» **Entries shown**
>>>>

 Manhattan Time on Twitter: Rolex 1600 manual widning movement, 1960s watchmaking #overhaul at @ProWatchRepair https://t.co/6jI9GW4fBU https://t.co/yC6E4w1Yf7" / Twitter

<<<<
>>>>

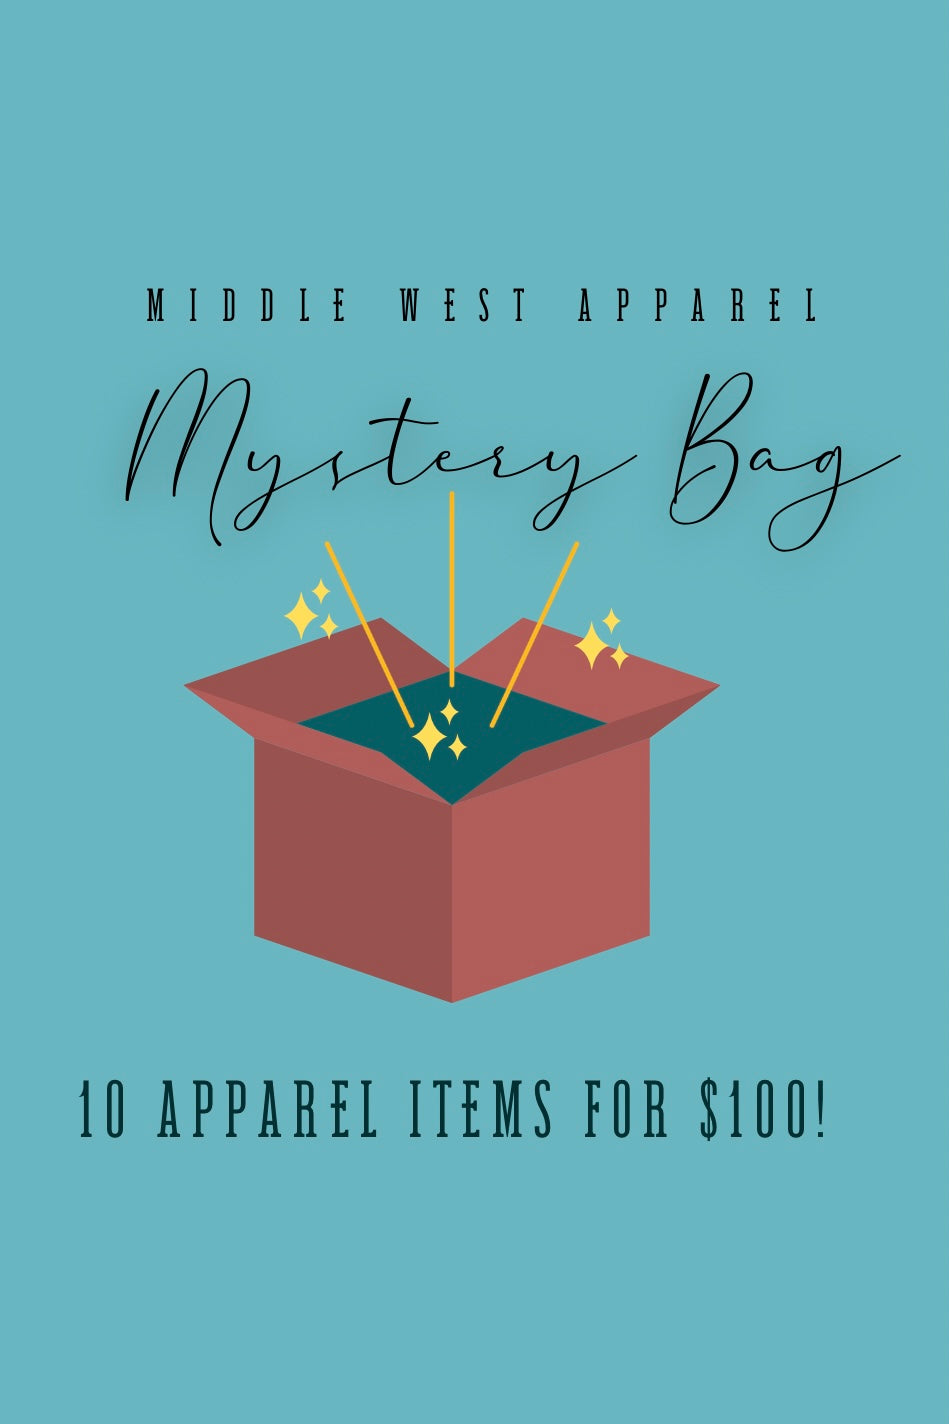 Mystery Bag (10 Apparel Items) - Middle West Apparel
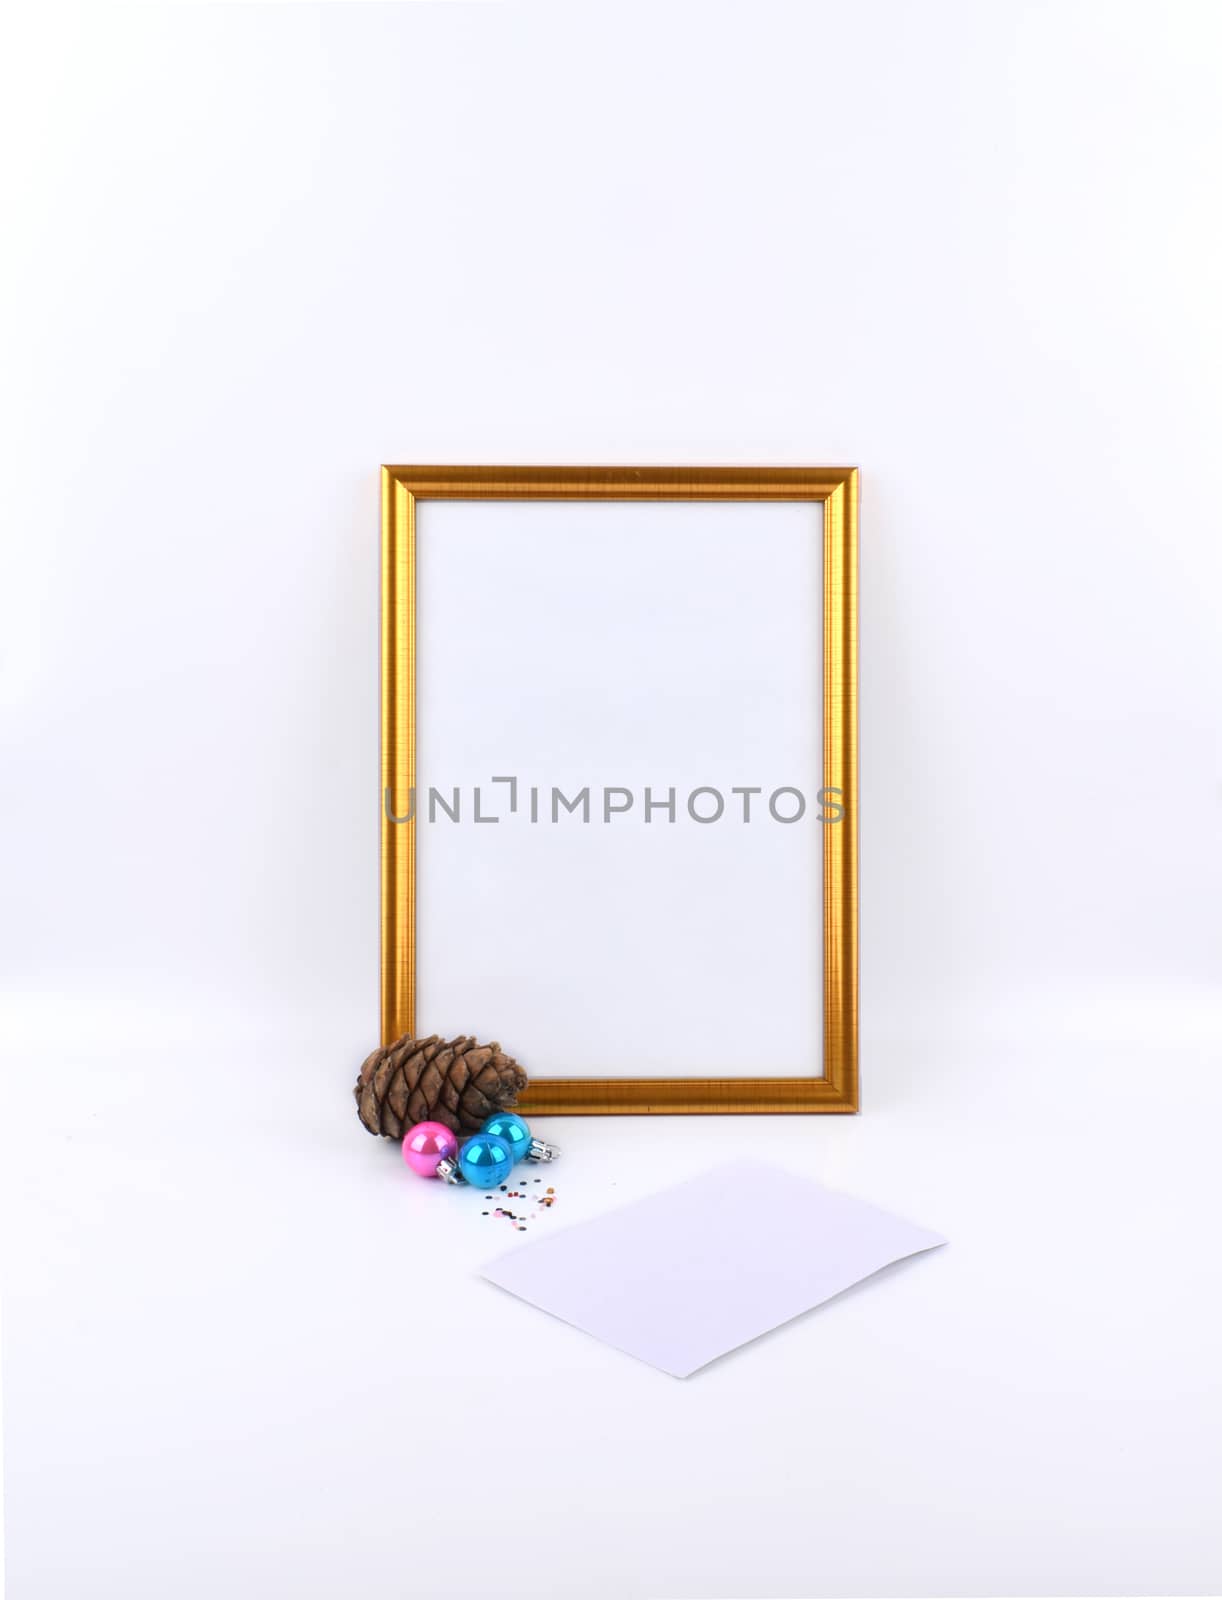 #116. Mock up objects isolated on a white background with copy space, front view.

<<<<
>>>>

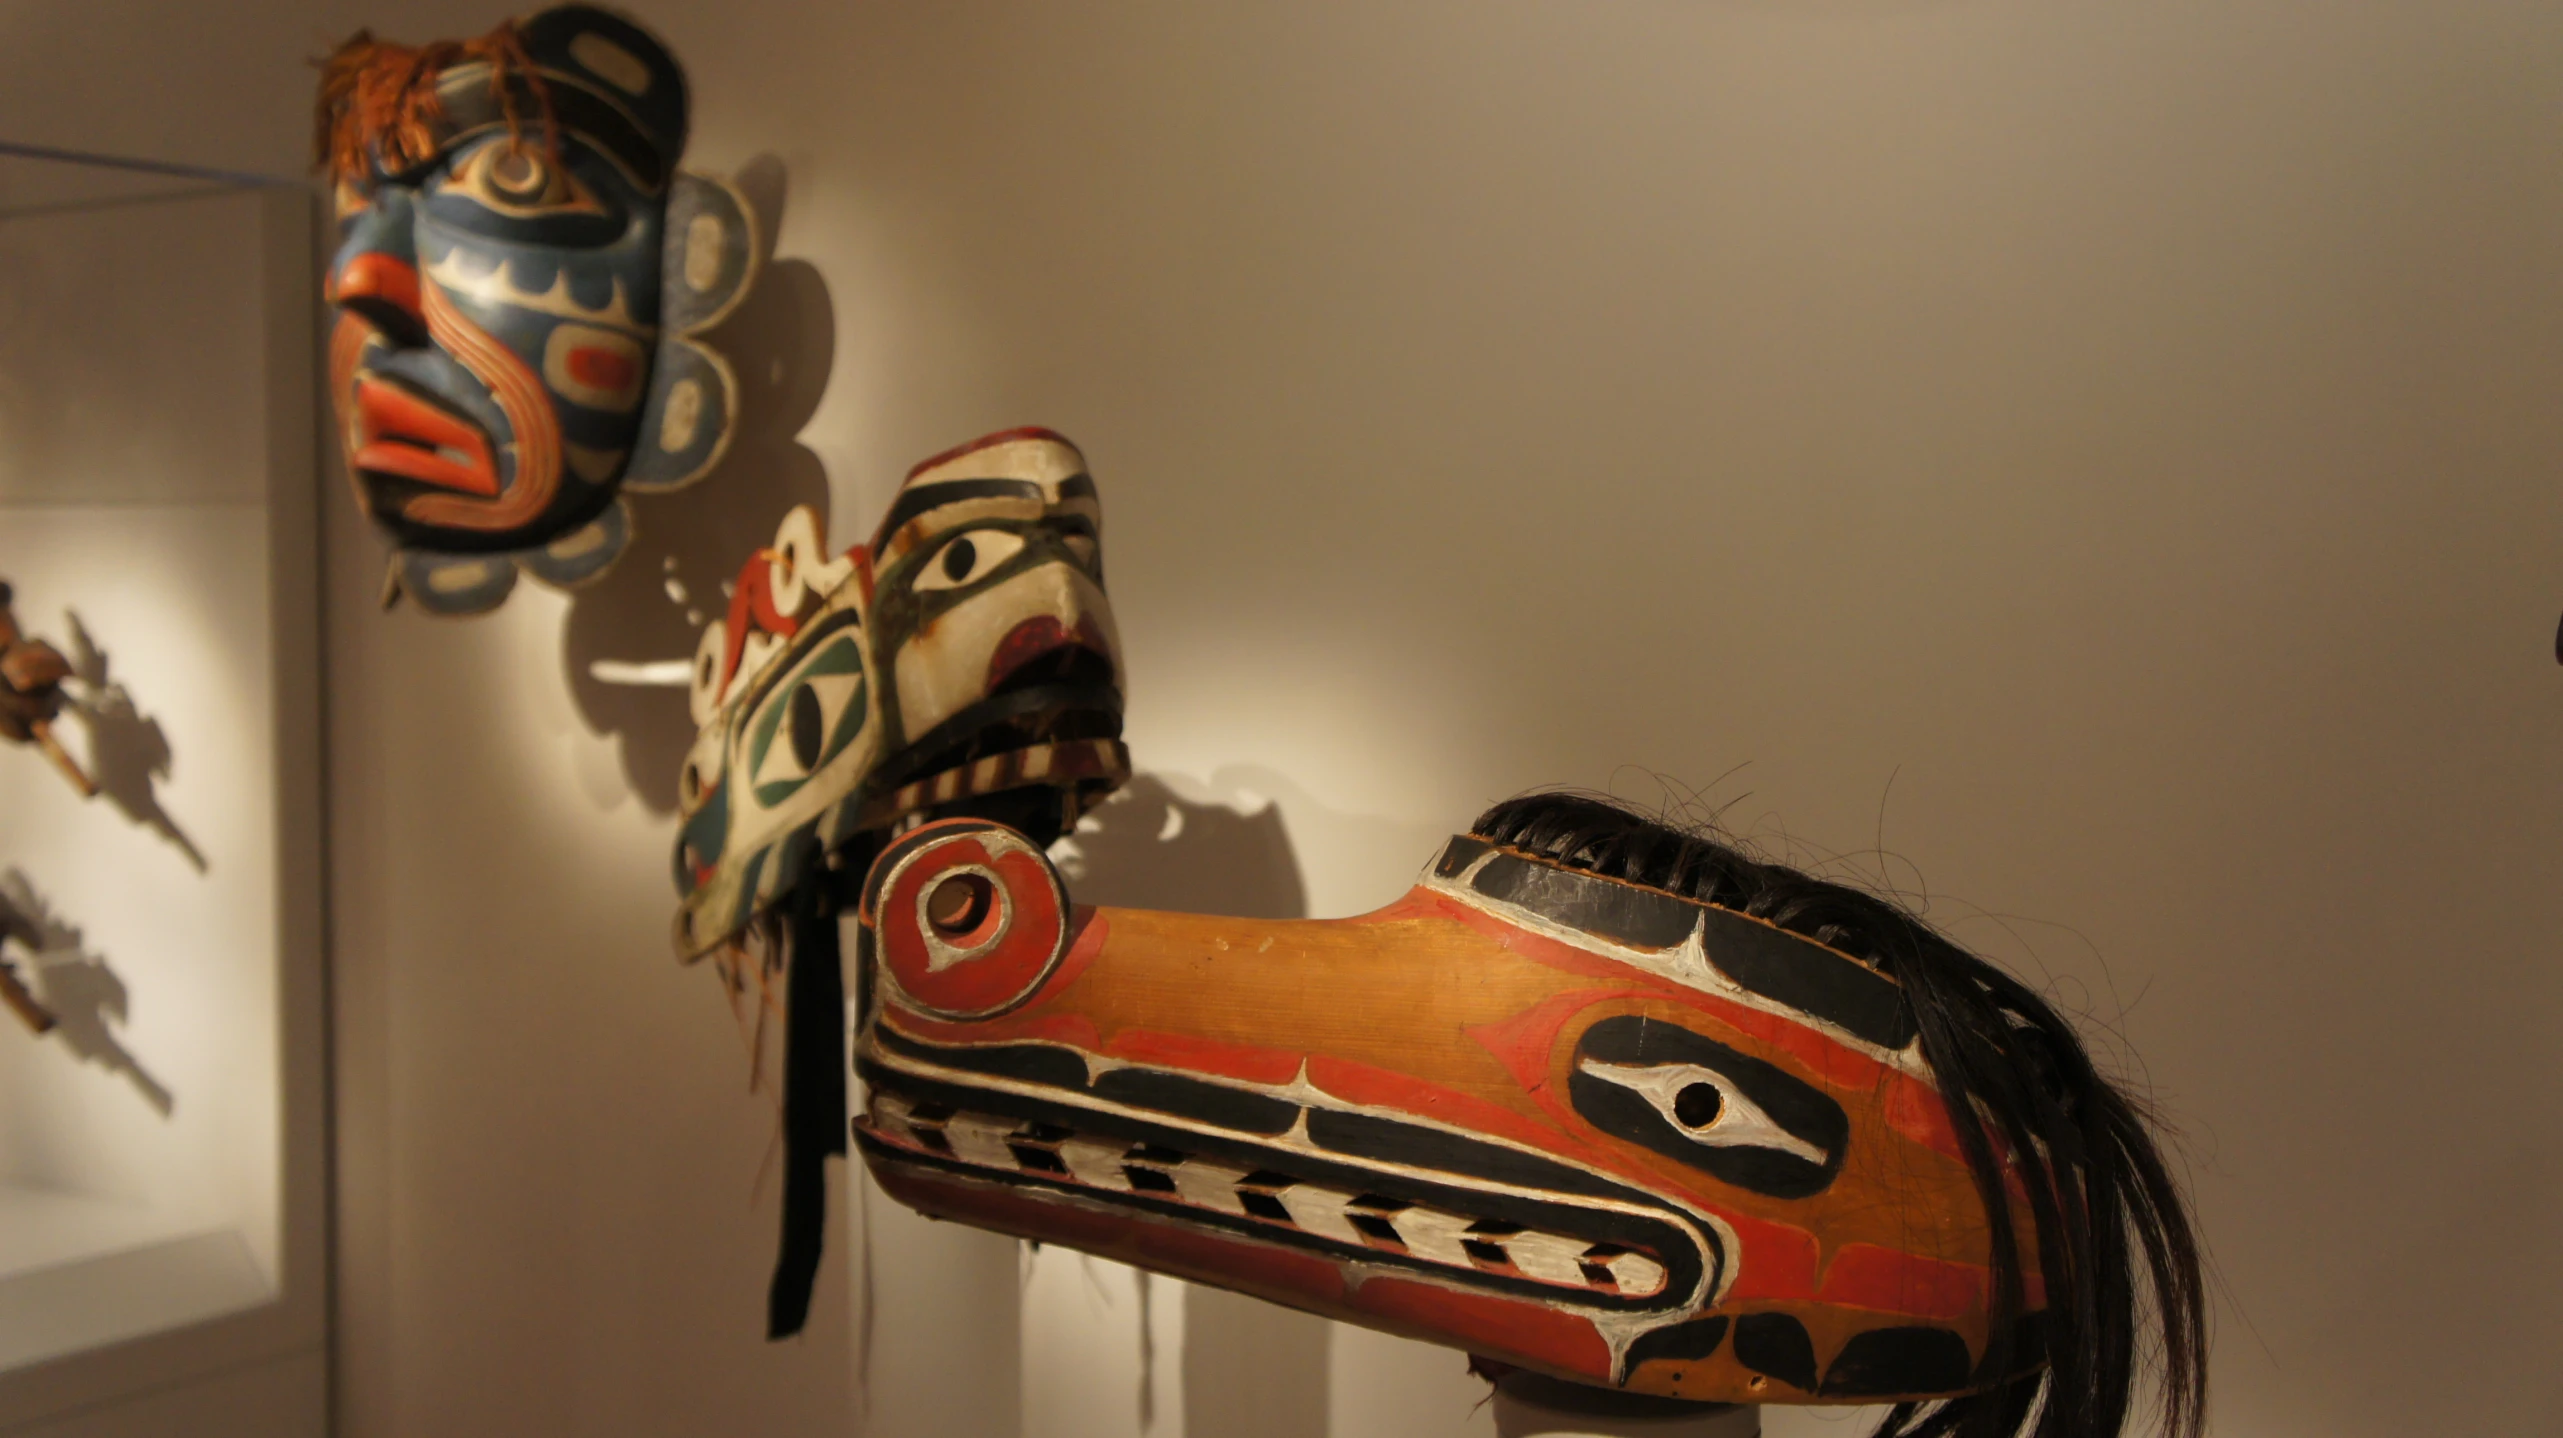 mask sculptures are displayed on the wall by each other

<<<<

» **What is being asked**
Both boundary lines included, write out word for word only the lines above from the one containing "Mystery Bag (10" to the one containing "#116. Mock up", leaving out any pictures.

» **Solved problem**
 Mystery Bag (10 Apparel Items) - Middle West Apparel
 #116. Mock up objects isolated on a white background with copy space, front view.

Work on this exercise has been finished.